BOYNTON BEACH — Even now, in the winter of their dismal lives, the
criminal faithful of the Third Reich should know they are hunted.
They may be frail, reinvented as seemingly gentle citizens, but
as long as Nazi hunters like Efraim Zuroff roam the earth, they
should not consider themselves in the clear.
Zuroff, the Holocaust historian who heads the Israel office of the Simon Wiesenthal
Center, is the world's most influential Nazi hunter. The fact
that his mission is still vigorous and vital more than 60 years
after the end of World War II speaks to more than historical
amnesia.
"Many countries in the world would
prefer that these Nazi war criminals not be brought to justice,
that they take their crimes with them to their graves," Zuroff told an audience this afternoon at Temple Torah in Boynton Beach.
For a man born after the end of WWII, Zuroff
is an especially tenacious detective of the myriad crimes of
the Holocaust. When he descended upon suburban Perth, Australia,
to track down a former Hungarian army officer wanted in the 1944
beating death of a Jewish teenage boy he had caught on a Budapest
streetcar without the mandatory yellow star, he found a much-loved
grandfather, a man described as church-going by his pastor and
gentle by his children.
But Zuroff was not swayed by the scenario.
In his more than 30 years as a Holocaust investigator, the New
York-born historian says he keeps his focus on the details of
the crimes, not the perpetrators. By doing this, he stays true
to one of his central reasons for taking on the chase.
"We have an obligation to the victims
of the Nazis," he says.
That obligation led to the capture of the
Perth grandfather, 88-year-old Charles Zentai. More than five
years after his whereabouts were detected, he sits in a Perth
jail awaiting possible extradition to Hungary for a murder trial.

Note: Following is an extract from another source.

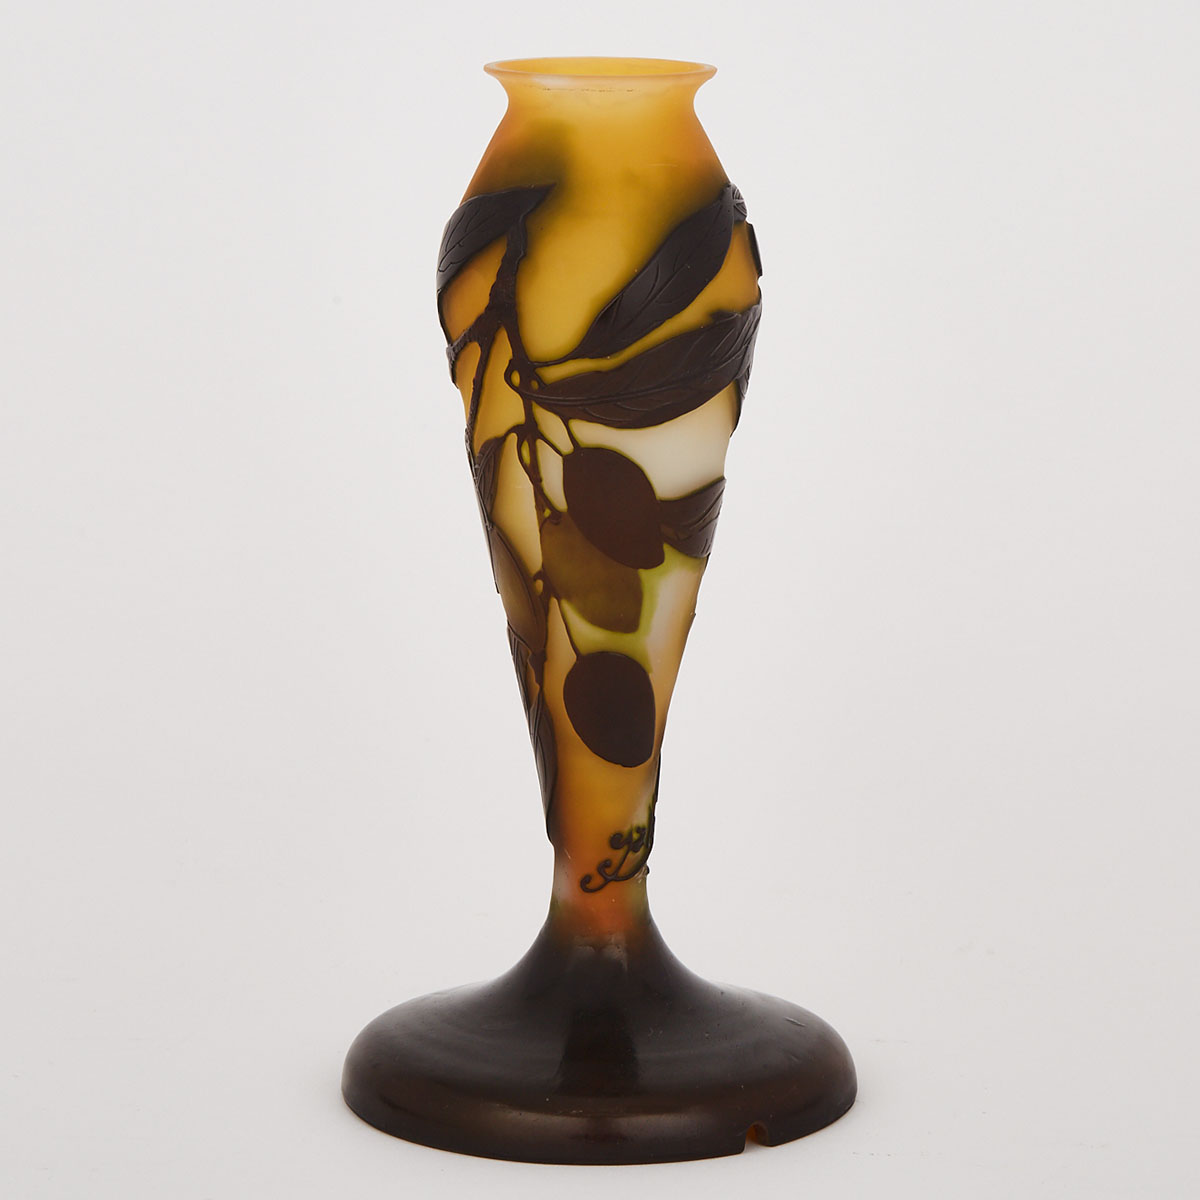 Gallé ‘Olives’ Cameo Glass Table Lamp Base, early 20th century

That arrest came after Zuroff launched "Operation:
Last Chance," an all-out campaign to identify little known Nazi criminals. Established with
the help of the Miami-based Targum Shlishi Foundation, the campaign
offers financial rewards for information leading to the prosecution
of Nazi war criminals. It's a last-ditch effort that acknowledges
the Nazi hunter's most formidable enemy: Time.
Zuroff acknowledges that he is racing the
clock in bringing the surviving Nazi criminals to justice.
"I'm not a fan of the Nazis, but
I pray for the health of these people so they can be brought
to justice," said Zuroff, whose book Operation Last Chance (Palgrave MacMillan) was released
last week. "The passage of time in no way diminishes their crime."
The passage of time may have brought his targets
new lives, new identities, benign covers and gray hair, but it
has not brought the one thing that might suggest a true evolution
of spirit: an apology.
"Not one of them has expressed
regret or a word of contrition," he said. "Nada. Zero. Nothing."